Day 2 of the GAC opened with a political discussion on the future of the credit union movement — including commentary from acting NCUA Board Chairman Mark McWatters and Board Member Rick Metsger, as well as a keynote address by former Secretary of State Colin Powell.
The afternoon sessions continued that theme, though a panel titled “Cybersecurity in 2017 and Beyond” focused less on the potential political actors carrying out cyber attacks, and more on the state of the ever-changing field today.
In 2017, credit unions are vulnerable to groups of “bad actors” canvassing for sensitive and potentially valuable information. These bad actors often take the form of “hacktivists” who leverage data to advance political or moral causes, nation states, and trusted insiders, illustrating the fact that the financial information can be pilfered both internally and externally.
We’ve covered different approaches to credit union cybersecurity on CreditUnions.com, including how it all starts with the CEO. But the evolving nature of the threat made the panelists from organizations such as the NCUA, CUNA Mutual, Department of the Treasury, and the FA-ISA pause when asked about handy best practice guides.
But the basic tenants of cybersecurity are consistent across all institutions, says Tim Segerson of the NCUA’s Office of Examination and Insurance.
“We need to understand current risks and guard against those,” he says. “But that has to be balanced with your financial capabilities.”

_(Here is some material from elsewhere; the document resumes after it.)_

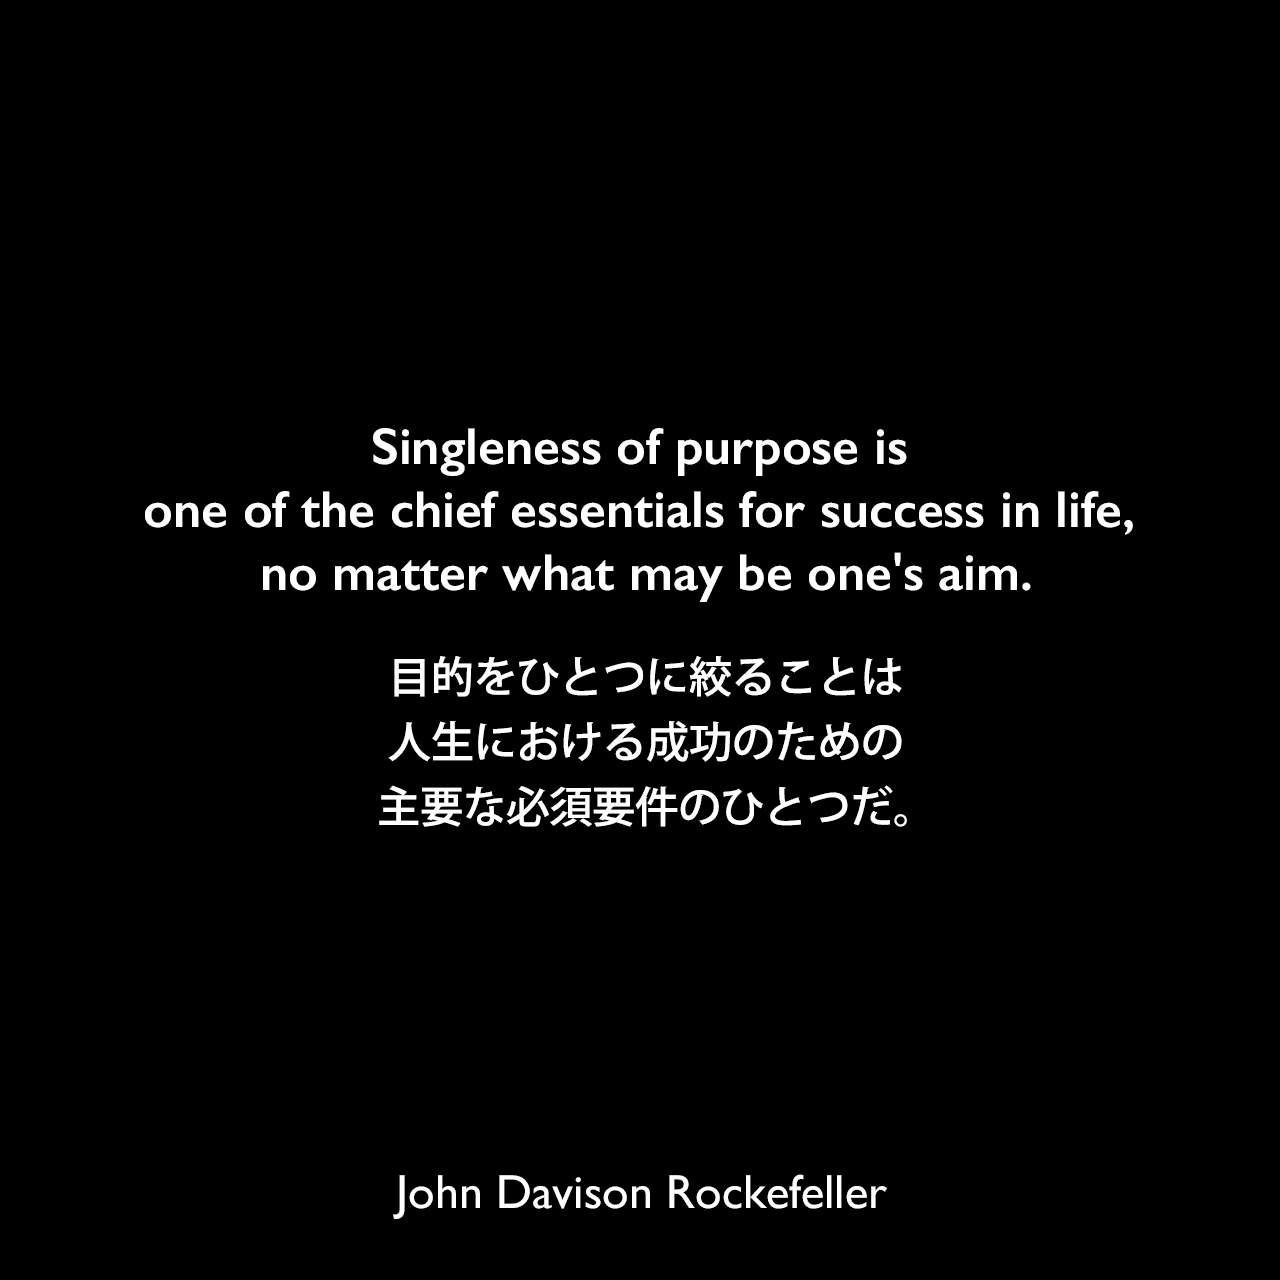 Singleness of purpose is one of the chief essentials for success in life, no matter what may be one's aim.目的をひとつに絞ることは人生における成功のための主要な必須要件のひとつだ。John Davison Rockefeller
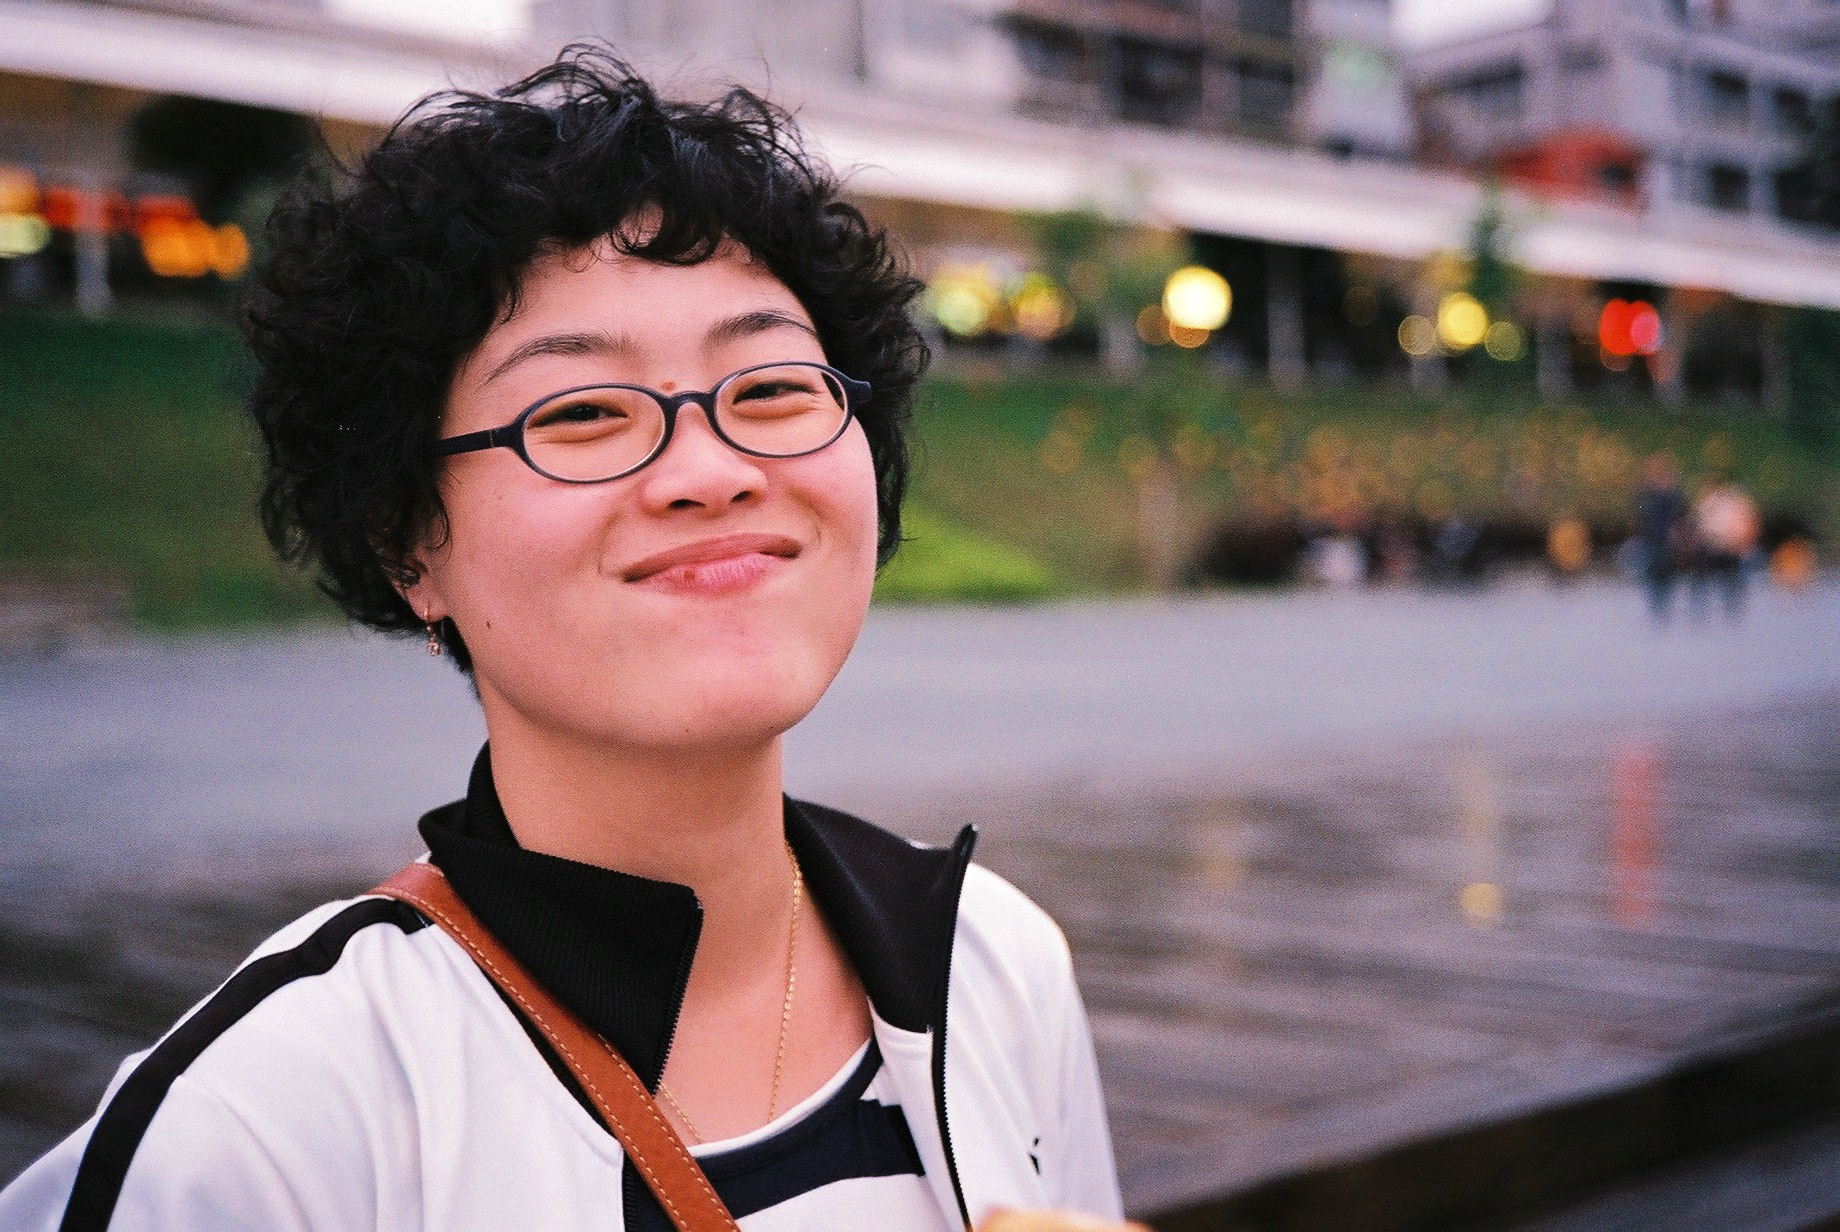 a woman wearing glasses and a striped shirt

Does the credit union find it appropriate to be up and running right after an attack like it never really happened? That might require a greater financial investment on the part of the institution.
Or maybe not. Jay Isaacson, a vice president with CUNA Mutual Group cited the 2016 Verizon Data Breach Investigations Report that found 63% of breaches were the result of weak or stolen passwords. That’s in addition to other research showing human error is to blame for most breaches.
“Education is important for staff and members on this topic,” Isaacson says. “They can’t rely on default passwords.”
Another bullet in the chamber for credit unions in the fight against cybersecurity is insurance.
Cyber insurance is still a new, maturing field, but for issuers there are two components: first-response coverage and liability coverage. Typically first response coverage will allow a hacked credit union to cover the costs of the forensics work, including fees paid to investigating agencies, lawyers, and member and employee education efforts.
Liability coverage on the other hand, helps to cover the costs of a suit brought against the credit union.
“All insurance policies are different, too,” Isaacson says. “And they continue to evolve. But not as fast as the bad actors are.”
Ransomware and distributed denial-of-service (DDoS) attacks are getting more sophisticated. And as the interconnectivity of devices large and small continues to advance, hackers may take advantage of vulnerabilities in the so-called Internet of Things (IoT).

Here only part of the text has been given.